— Нет, бить не надо! — сипло кричал он. — О паршивую собаку нечего рук марать… А отведем всех вон на эту скалу и — головой вниз… Пускай все думают, что сами в тумане разбились…
— Верно! Правильно!.. — кричали вперебой голоса. — Никакого покоя не стало… Чудо! А почему он у себя в Назарете никаких чудес не делает?! Обман один!.. А по дорогам от разбоя ни пройти, ни проехать… Хочешь дела такие заводить, заводи, а других не путай…
С криками, чавкая ногами по жирной грязи, толпа прокатила мимо. Иешуа сделал повстанцам знак и в непогожих сумерках все трое пробрались зарослями на холодно сияющую лужами дорогу. В душе Иешуа была черная горечь, такая, что не хотелось ни говорить, ни смотреть, ни жить. На повороте полевой дороги он остановился и поднял опущенную голову.
— Ну, вы идите, куда хотите… — сказал он. — А я пойду… я хочу быть один…
— Иешуа, мы пришли за тобой… — настойчиво сказал Иона. — Тебя наши ждут… Ты пойдешь с проповедью твоей по всей стране, народ повалит за тобой, а мы, когда нужно, поддержим тебя…

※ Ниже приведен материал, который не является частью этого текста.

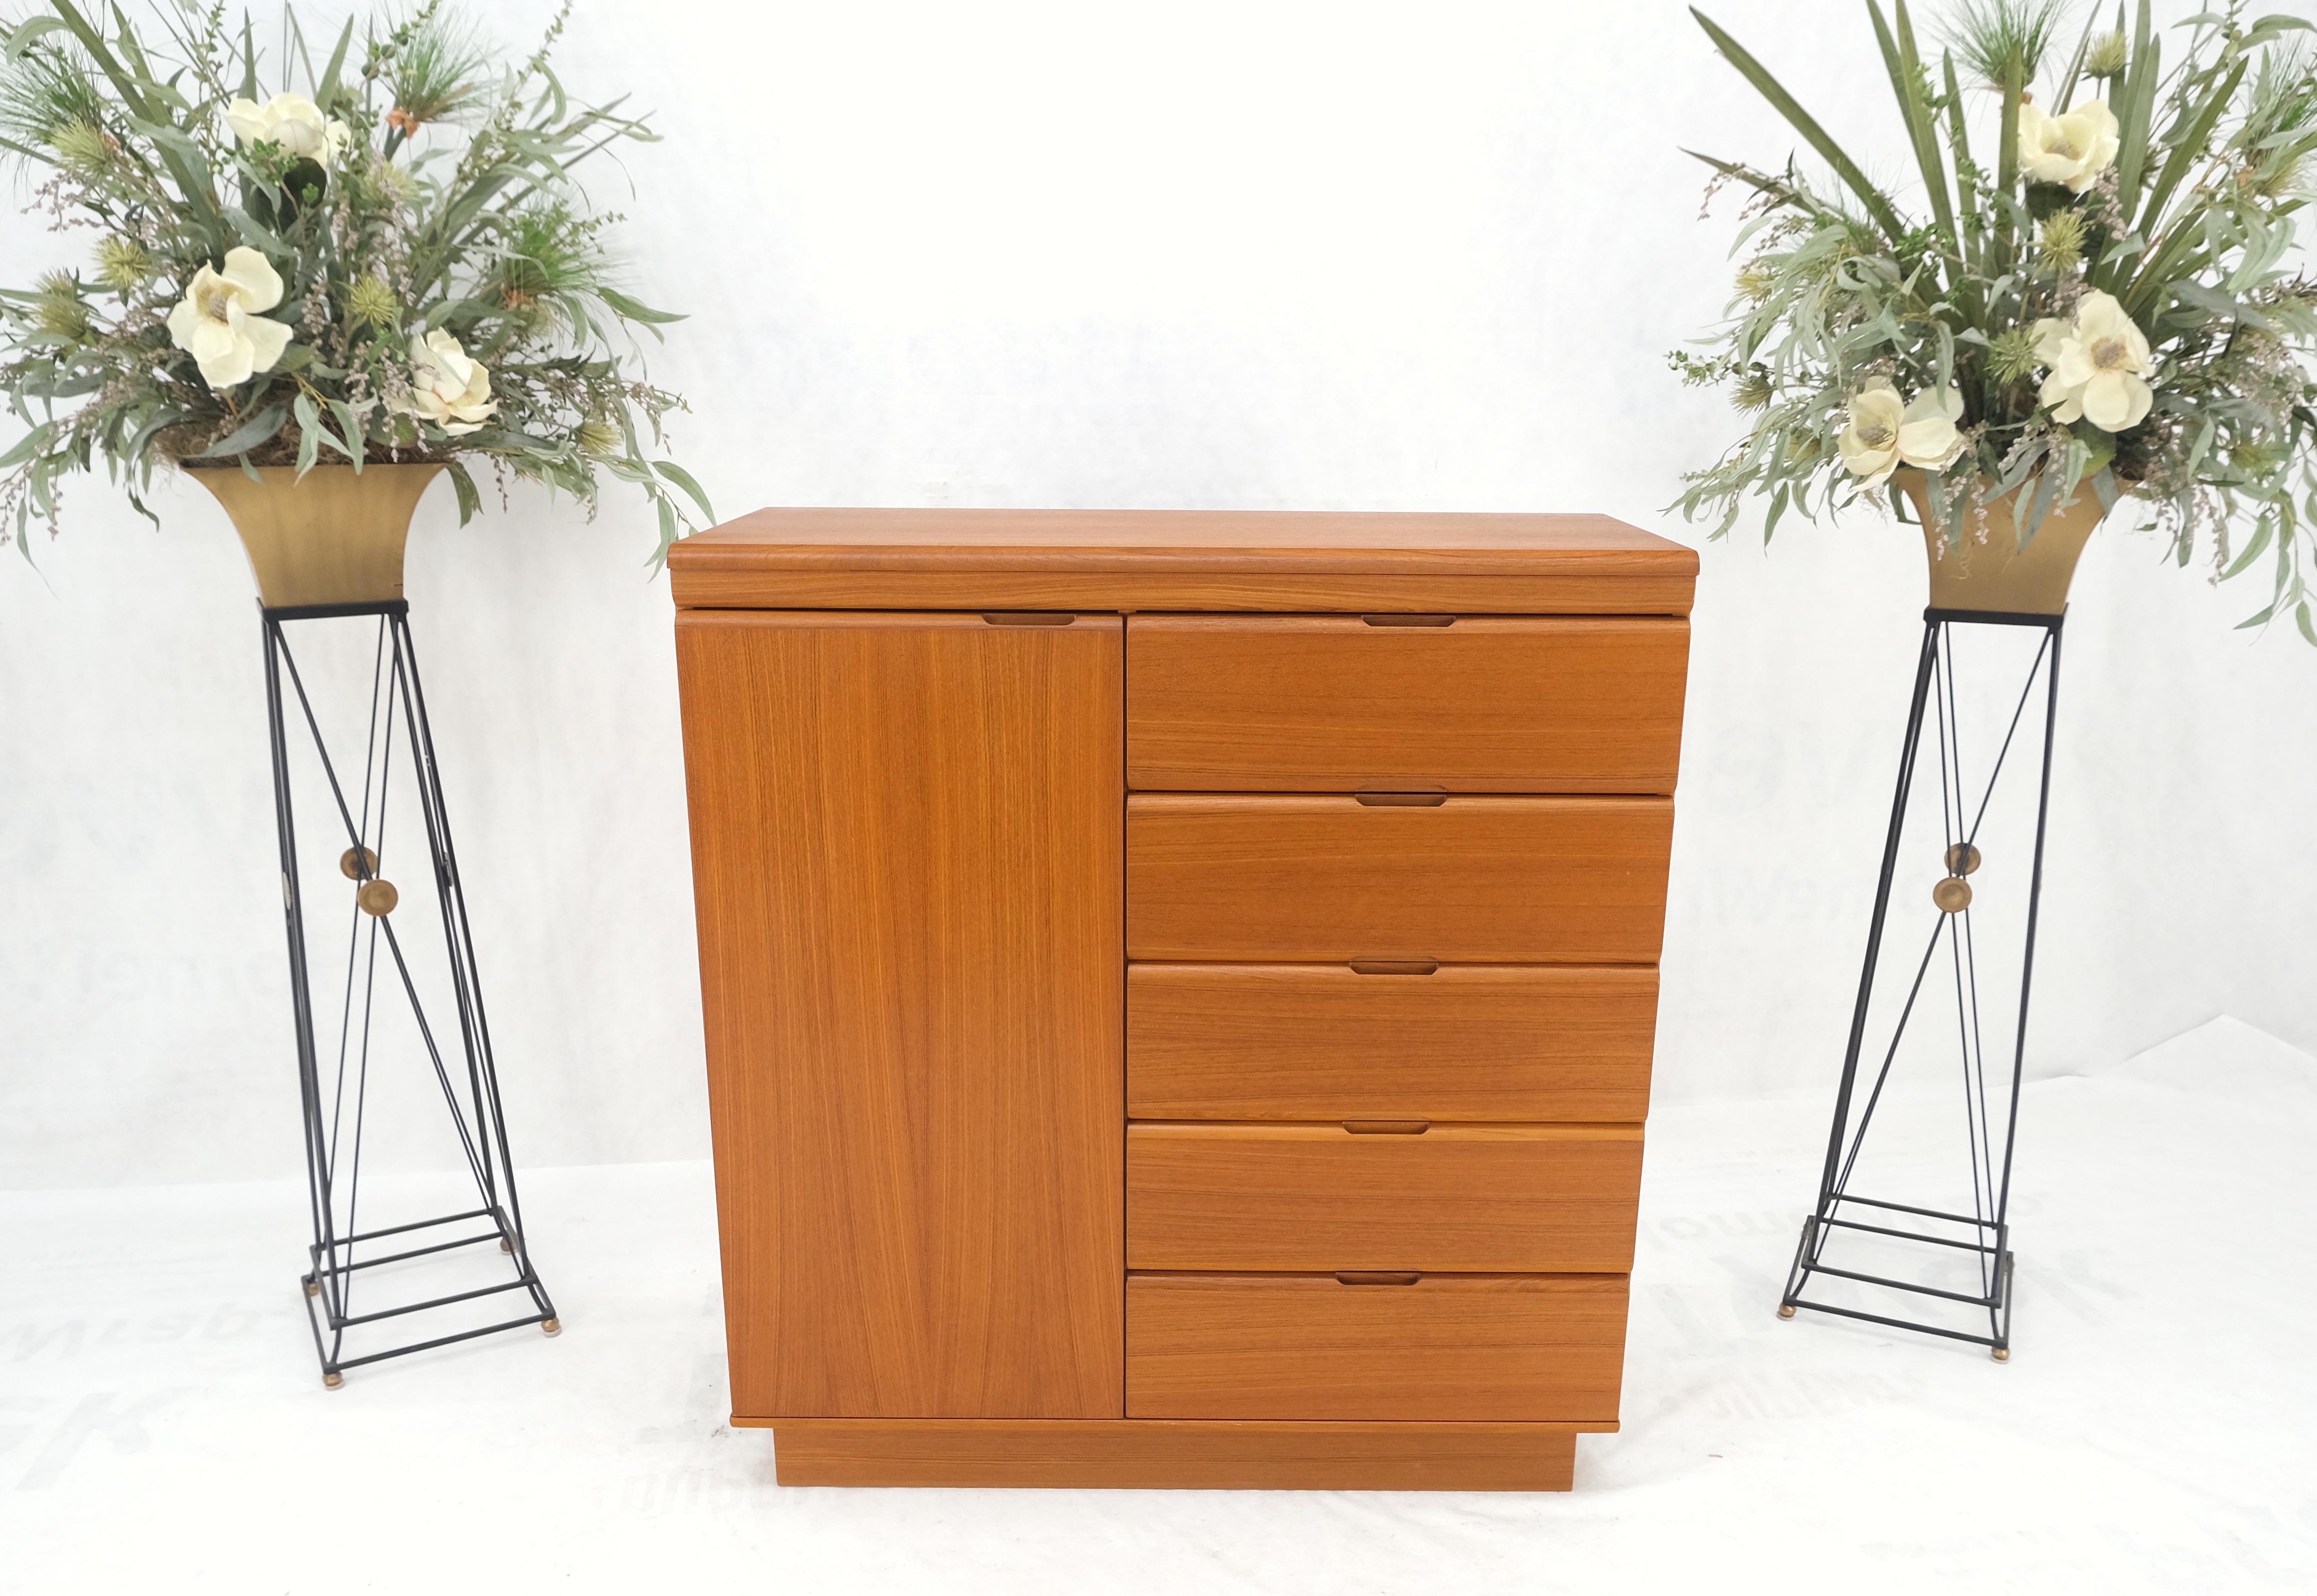 Lacquered Danish Mid-Century Modern 7 Drawers High Credenza Chest Dresser Chifforobe Mint! For Sale
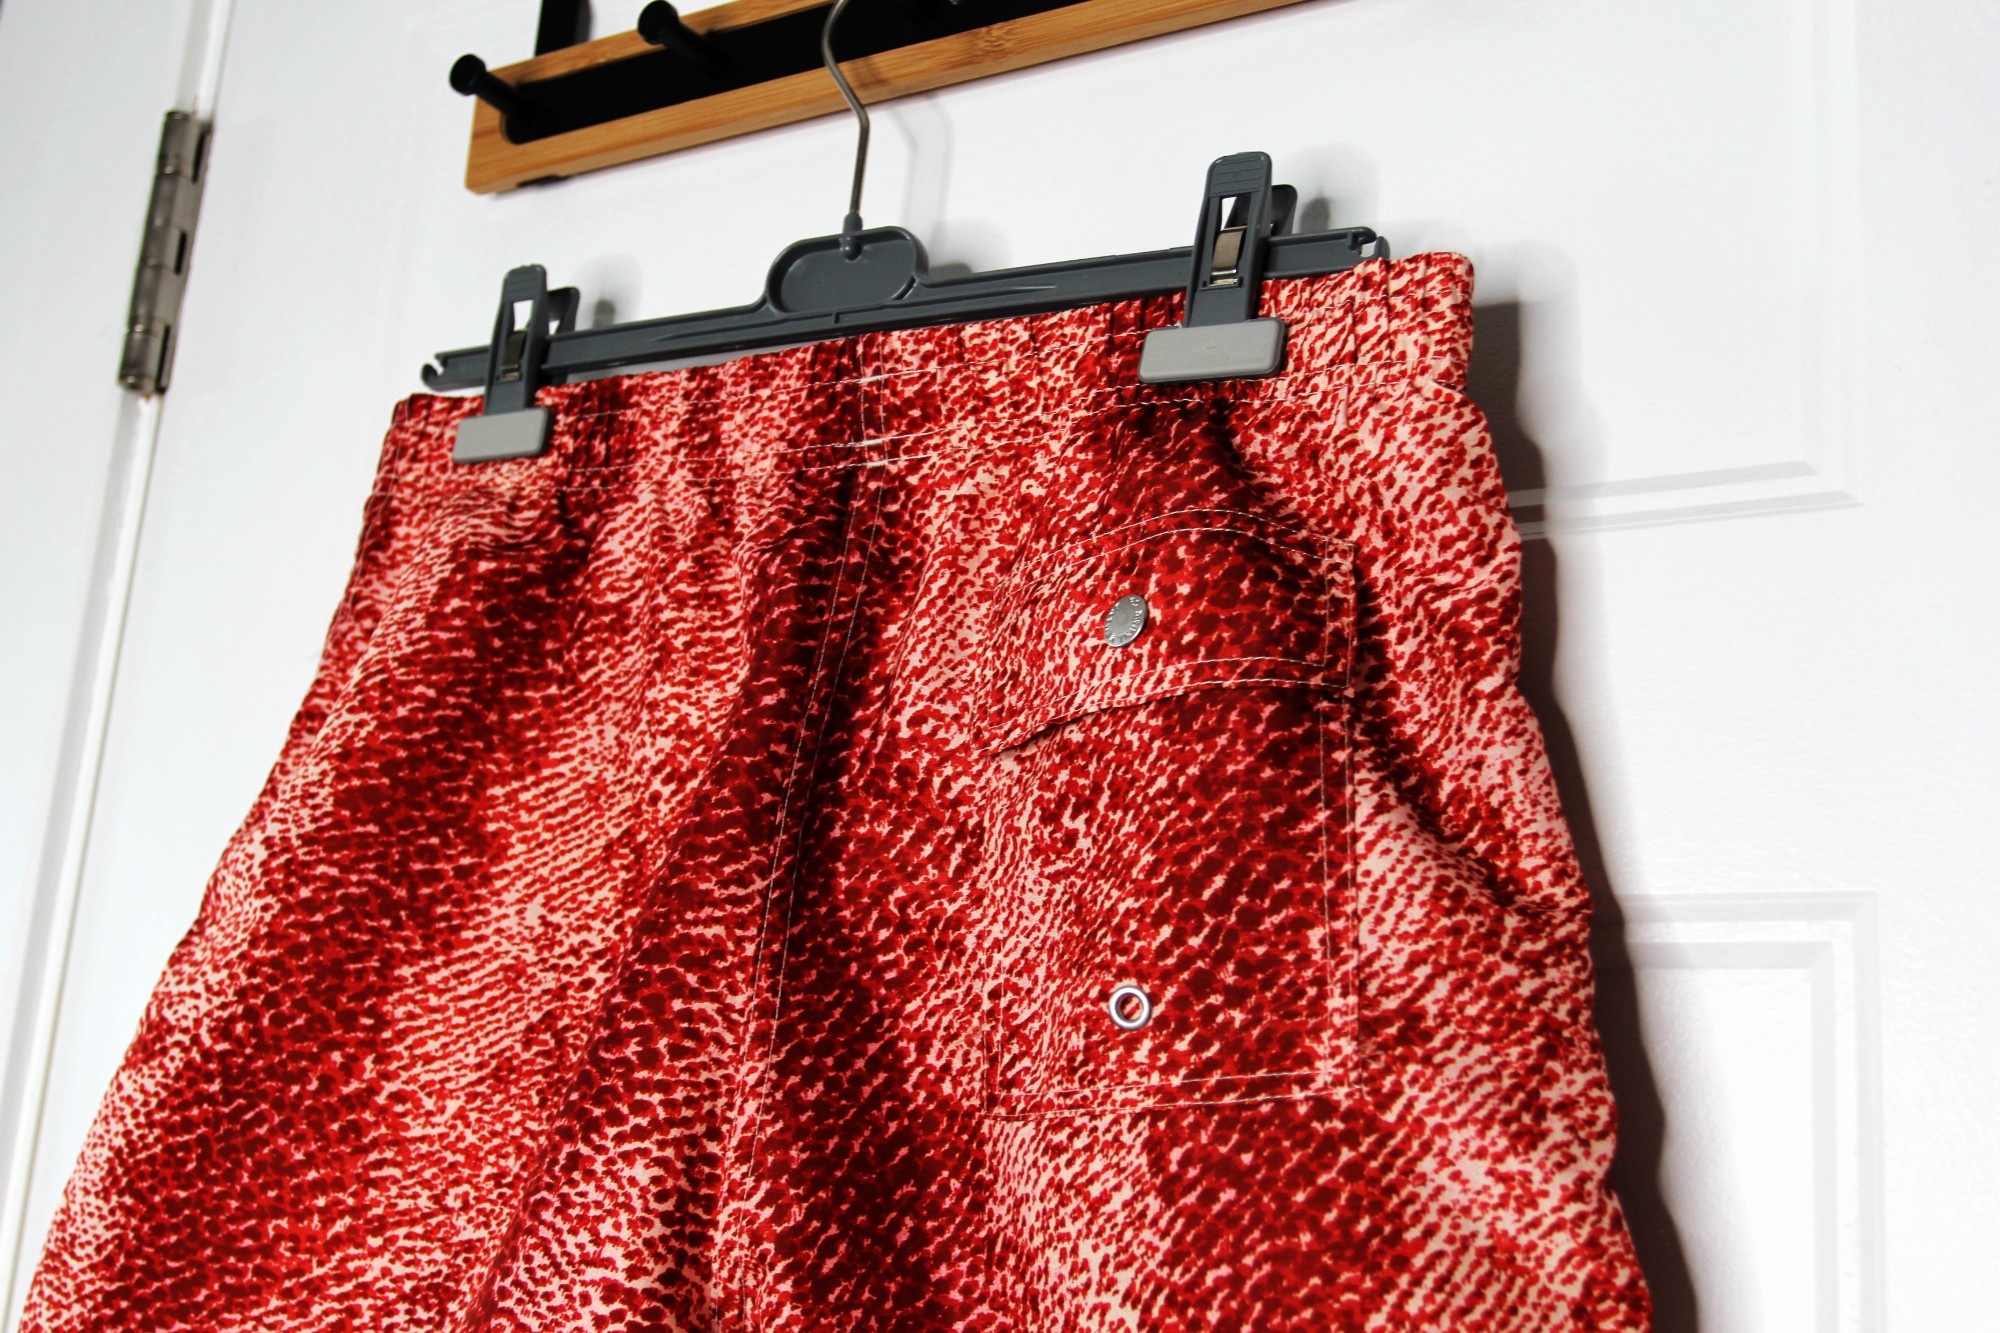 BNWT SS23 BATHER RED PAINTED MOSS SWIM SHORTS M - 5

Иешуа весь содрогнулся, точно от холода.
— Никуда я не пойду… — уныло сказал он. — Оставьте меня…
И, прежде чем те могли сказать ему слово, он обернулся и, повесив голову, пошел грязной дорогой в мутную, непогожую, неприветную даль…
— Иешуа… Слушай…
Он не обернулся…
Манасия переживал тяжелые дни. Мириам исчезла из Иерусалима, и он тосковал по ней день и ночь. Он уже давно любил ее и остро мучился, как ее прошлым, так и настоящим: для нее в душе его теплился никем не зримый алтарек, но божество этого алтаря было осквернено. Вся душа его обливалась кровью и желчью при думе о ней… Конечно, она ушла за этим галилеянином, который сказал тогда ему эти странные, так взволновавшие его слова. Он от всех скрывал это впечатление под пренебрежительной улыбкой, но сам непрестанно думал о том, что он около этого рабби видел и слышал. И вот молодой пророк отнял у него ту, которая была для него всего дороже… Он не пил, не ел, не спал и точно не замечал сочувственно-внимательных глаз отца, которые иногда останавливались на его поблекшем лице…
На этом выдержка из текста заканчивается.